Bahrami B, Hong T, Schlub TE, Chang AA. Aflibercept For Persistent Diabetic Macular Edema: Forty-Eight–Week Outcomes. Retina. 2019 Jan 1;39(1):61-8.

Bahrami B, Hong T, Schlub TE, Chang AA. Aflibercept For Persistent Diabetic Macular Edema: Forty-Eight–Week Outcomes. Retina. 2019 Jan 1;39(1):61-8.

Purpose:
To evaluate functional and anatomical outcomes after a switch from intravitreal bevacizumab to aflibercept in patients with persistent diabetic macular edema.

Methods:
Prospective, single-arm, open-label clinical trial of patients with persistent diabetic macular edema, despite previous treatment with bevacizumab. Five loading doses of intravitreal aflibercept were administered every 4 weeks with subsequent injections administered every 8 weeks. Patients were reviewed every 4 weeks, and best-corrected visual acuity and central macular thickness were recorded. Primary outcome measures included change in central macular thickness and best-corrected visual acuity at week 48 compared with baseline. Paired t-tests were used to assess change between baseline and follow-up visits.

Results:
At baseline, 43 eyes from 43 patients were recruited with a median (interquartile range) of 12 (7-24) previous intravitreal anti-vascular endothelial growth factor injections over a period of 18 (8-34) months. Mean ± SD central macular thickness reduced by 59 ± 114 μm (P = 0.002), and best-corrected visual acuity improved by 3.9 ± 7.0 letters (P = 0.001) after 48 weeks in the 41 patients who completed the trial.
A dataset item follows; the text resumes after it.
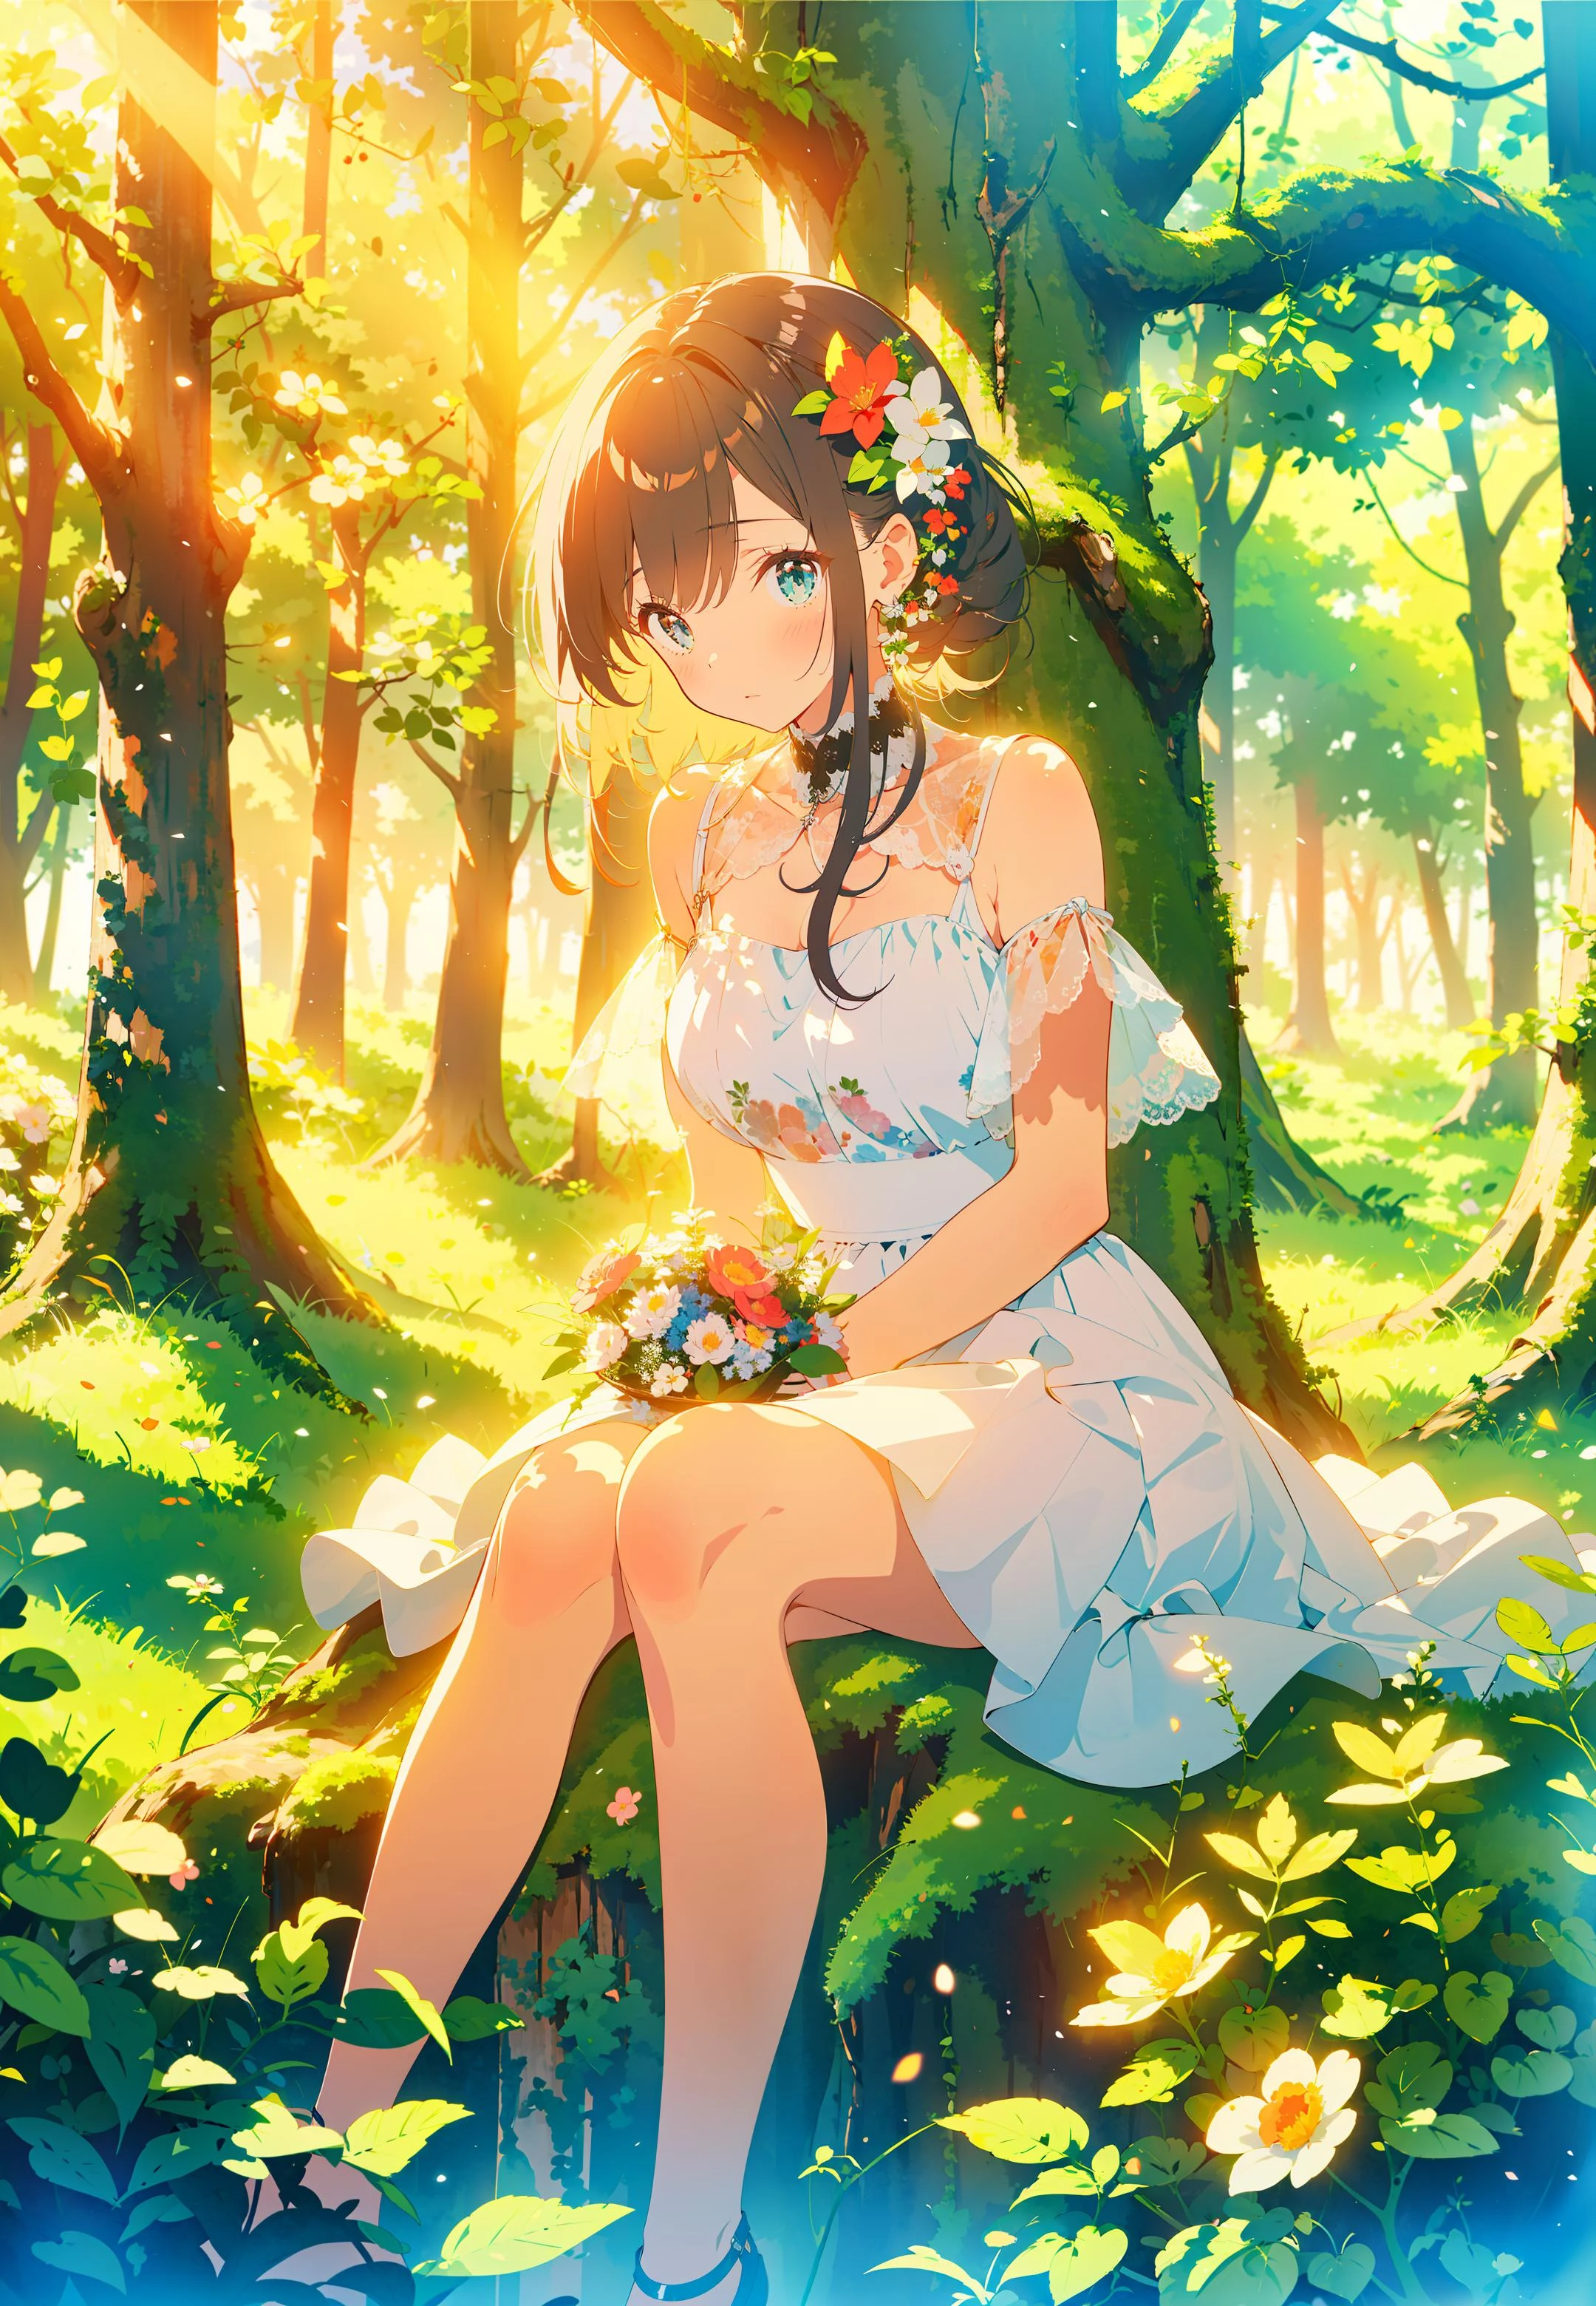 傑作,最好的品質,1个女孩, 坐在草地上, 花朵, holding 花朵, 溫暖的燈光, 白色禮服, 前景模糊, (森林:1.5)

Best-corrected visual acuity improvements were more marked in patients who gained ≥5 letters after the first injection (8.9 ± 5.7 vs. 1.8 ± 6.5 letter gain at 48 weeks, P = 0.002), a difference which remained significant after regression analysis with baseline best-corrected visual acuity . Vision gains and central macular thickness reduction were similar in 9 fellow eyes eligible for inclusion being concurrently treated for diabetic macular edema with bevacizumab.

Conclusion:
Intravitreal aflibercept was effective in improving anatomical and visual outcomes among patients with an incomplete response to intravitreal bevacizumab with 48 weeks of follow-up. Patients with a good early response subsequent to switching had a better improvement in vision at 48 weeks.